Independent Student Newspaper of UW Oshkosh Campuses

The Advance-Titan

Independent Student Newspaper of UW Oshkosh Campuses

The Advance-Titan

Independent Student Newspaper of UW Oshkosh Campuses

The Advance-Titan

Women’s golf takes second at Titan Classic

The UW Oshkosh women’s golf team spent Sept. 9 and 10 in Waverly, Iowa at the Wartburg College Invitational with the Titans placing 11th out of 20 teams. UWO finished with a team score of 75 over-par.

Hannah Braun led the way for the Titans, finishing tied for 10th place out of 120 competitors at nine over-par. Senior Micayla Richards and sophomore Hannah Rebholz also had strong showings, finishing in 14th and 55th place, respectively.

Micayla Richards finished only two strokes back of Braun at 11 over-par, and Rebholz finished with a score of 24 shots over-par. UWO junior Kayla Priebe placed 65th with a score of 26 over-par, junior Ireland Dunne and freshman Keara Richards tied for 75th at 29 shots over-par and sophomore Anna Scheibe in 81st at 32 over-par.

Micayla Richards said the two-day tournament required the team to make adjustments in order to remain successful.

“I try to get myself prepared as much as I can, really focusing on the area I feel I need to be more consistent in during the week before the first day of the tournament,” Richards said. “After the first round, I analyze my game and figure out where I had the most strokes and adjust my goals for the second day.”

The team kicked off its 2017 season at the Oshkosh Country Club Sept. 2 and 3, hosting the UW Oshkosh Titan Classic. The team took 2nd place out of 12 teams, behind the winner of the tournament, UW-Stout.

The Titans were fueled by Braun’s first-place finish. Braun finished nine over-par, good enough to beat the second-place finisher Maggie Warrner from Illinois Wesleyan University by five strokes.

Braun said the opening tournament of the season was an early promising moment for both her and the team to begin the year.

“Last weekend was definitely a fun weekend,” Braun said. “Shooting an 82 for the first round, and then a 73, which is even par, was one of the highlights of my golf career.”

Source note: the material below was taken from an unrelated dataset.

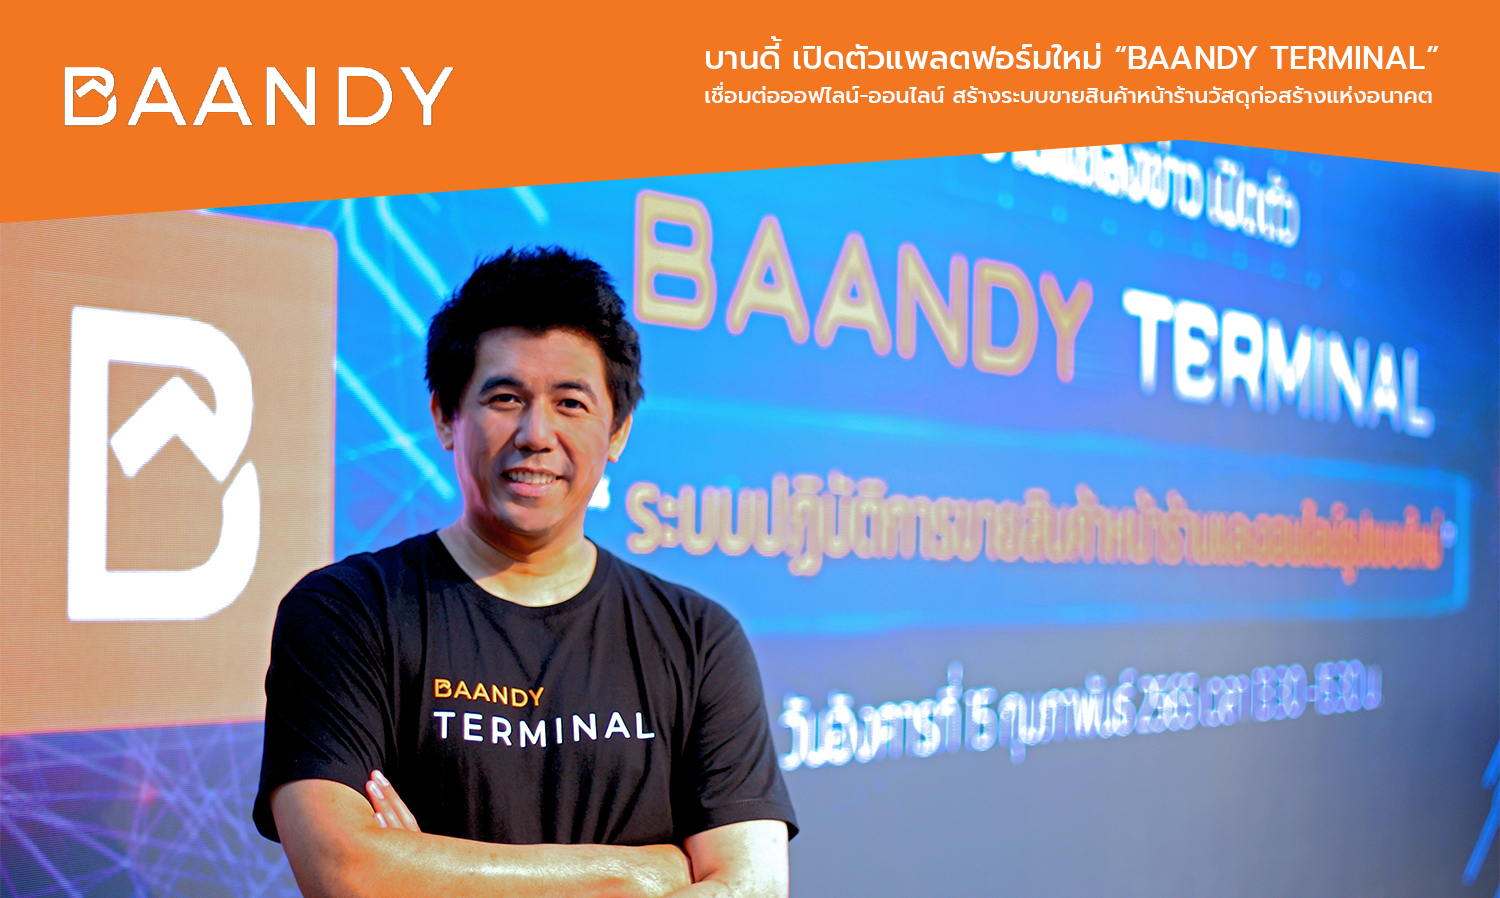 บานดี้ เปิดตัวแพลตฟอร์มใหม่ “BAANDY Terminal” เชื่อมต่อออฟไลน์-ออนไลน์ สร้างระบบขายสินค้าหน้าร้านวัสดุก่อสร้างแห่งอนาคต

Micayla Richards was also instrumental for the Titans, finishing the weekend tied for 5th place at 22 over-par. Micayla Richards shot an 87 the first day and finished strong with a final round of 81.

Priebe had a solid outing, taking 15th place at 28 over-par, while Scheibe came in 22nd place at 32 over-par. Dunne shot her way to 24th at 33 over-par, and Keara Richards turned in her scorecard with a 34th place finish at 41 over-par.

Other contributing golfers were Rebholz in 39th at 42 over-par and Sophia Mazurek in 42nd at 46 over-par. Freshmen Michelle Lodholz and Claire Hamburg placed in 57th at 60 over-par and 65th place at 83 over-par, respectively.

The meet was postponed to Sept. 9 due to rain but Braun stayed focused on the task at hand.

“I think we all had to mentally prepare ourselves to play 32 holes on Sunday,” Braun said. “But overall, I tried not to think about what hole I was on and how many holes I had left to play. Instead, I just played every hole like it was the last one.”

Head coach Liza Ruetten said even with the unbalanced composition of this year’s team, the youth will be helped along through its emerging senior leader.

“We are definitely a team in transition this year,” Ruetten said. “Micayla Richards, my lone senior, has charged herself with leading the others both on and off the course.”

Micayla Richards spoke about her leadership role on the team and said the team has some goals already set for the season.

“We have a great group of girls on our team, and all have individual goals to work towards,” Richards said. “This year has been about striving to become better at our game and still have fun along the way.”

Ruetten also weighed in on the rest of her youthful squad and said even with early season struggles, the team’s dynamic remains strong.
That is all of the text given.